I’ve watched some of the Hercule Perot movies, and when I was much younger, Murder She Wrote, but I don’t remember much of those shows at all. Fisher is different, mainly because it faces a lot of the issues of the time while at the same time being very entertaining,
Ms. Fisher is played by Essie Davis, and she fills the role with a charmingly outspoken voice and a mischievous smile. Fisher is a “modern” woman-she drives a car, drinks and carries a gun, as well as flirts and sleeps with whoever she chooses. Today much of this wouldn’t cause TV viewers to bat an eye (well, some conservatives might complain about her sexual appetite, but that’s their issue). In the 1920’s, however, she would have been a troublemaker even if she was a retiring wallflower. Phryne Fisher, however, is anything but shy, and her fearlessly feminist demeanor is amazing to watch.
Conflicts and prejudice beset her and her comrades on all sides: Catholic and Protestants are seen as separate nations, to the point that mixed marriages are approached with great hesitation and dismay, and women are generally treated as second-class citizens, with many characters expressing views common to the time that ladies should not drive or work after marriage, and of course a pregnant woman is instantly unclean or fallen. A healthy dose of contempt for the poor is also present.
Ms.

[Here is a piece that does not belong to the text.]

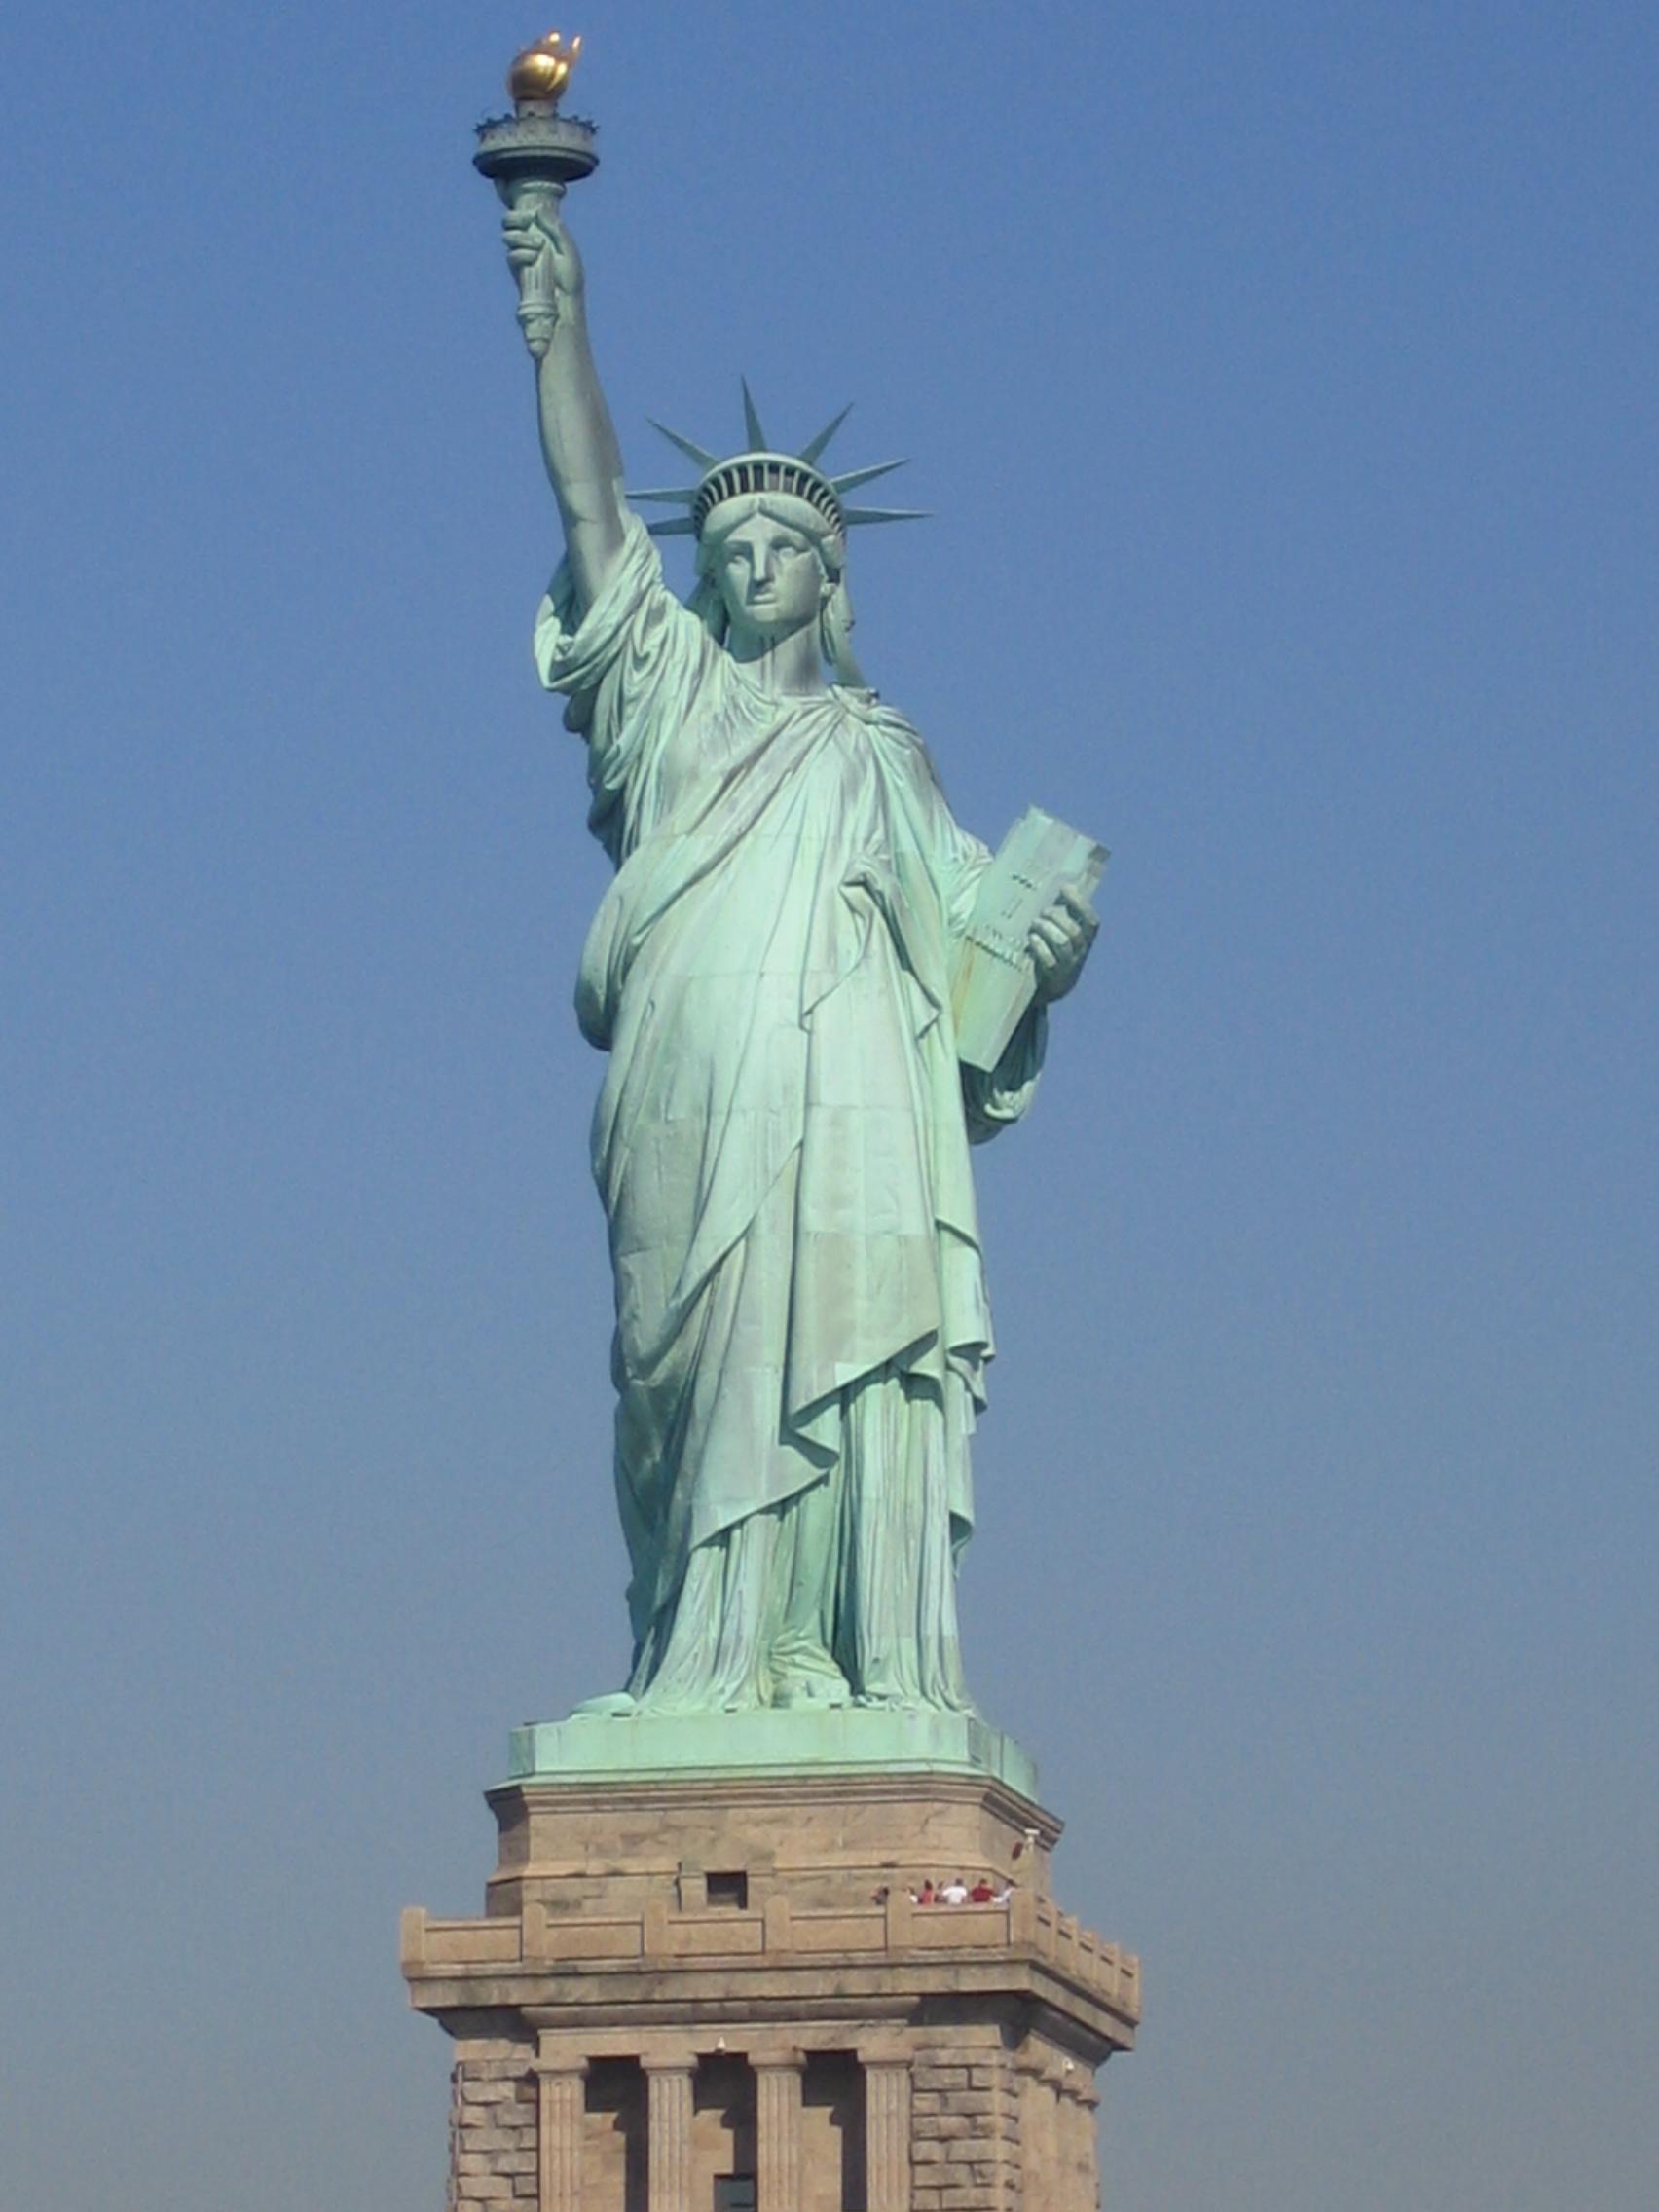 Personnes notables File:Statue-de-la-liberte-new-york.jpg - Wikimedia Commons QE18
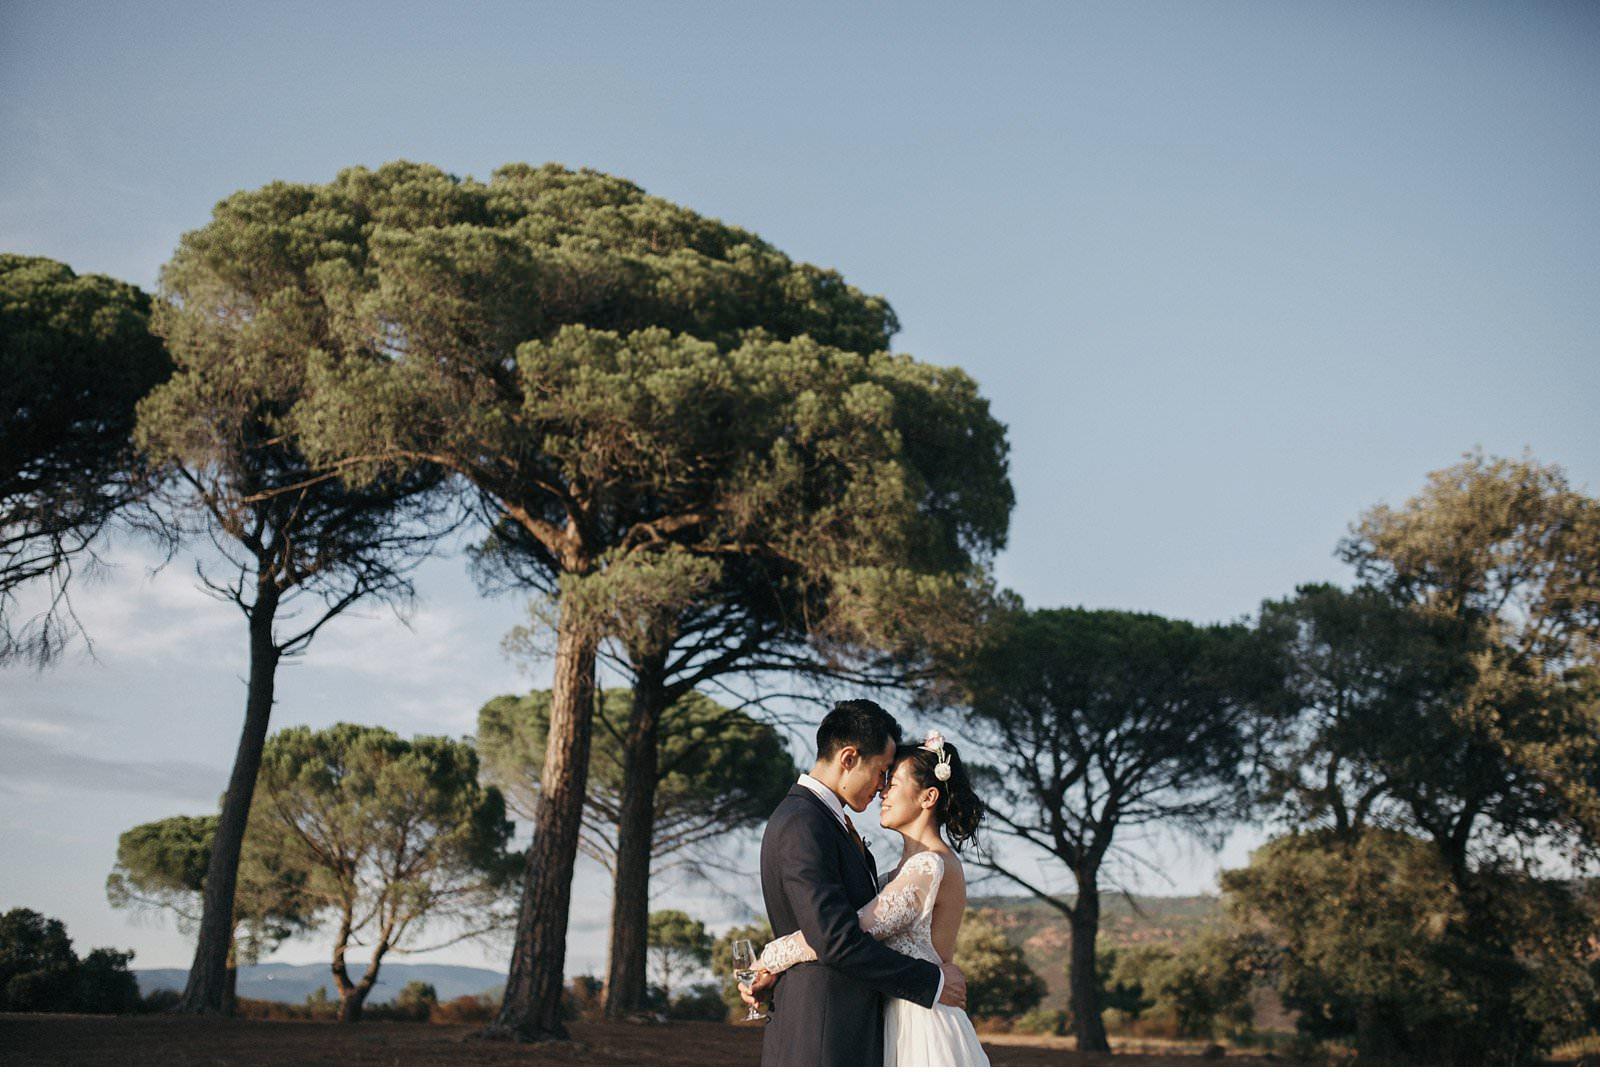 Sebastien Boudot Photographe de Mariage en Provence

Fisher does her best to overturn these antiquated views by her simple presence and work as a “Lady Detective.” While her list of skills and experiences (nurse, pilot, singer, shooter) sometimes hurts any sense of drama, Davis’ performance and exuberant personality easily smooths over this wrinkle. Her co-stars are likewise fun to watch and play their parts to the hilt, with everyone getting a chance to shine and strut upon the stage.
The only issue I have with the show-which has been renewed for a third season-is an illogical one: I wish there was a bit of variety in the crimes, as opposed to just murder-even if it meant they’d have to change the name of the show. I’d highly recommend this show to anyone who wants to curl up and enjoy some lovely costumes, cars, people, and murder.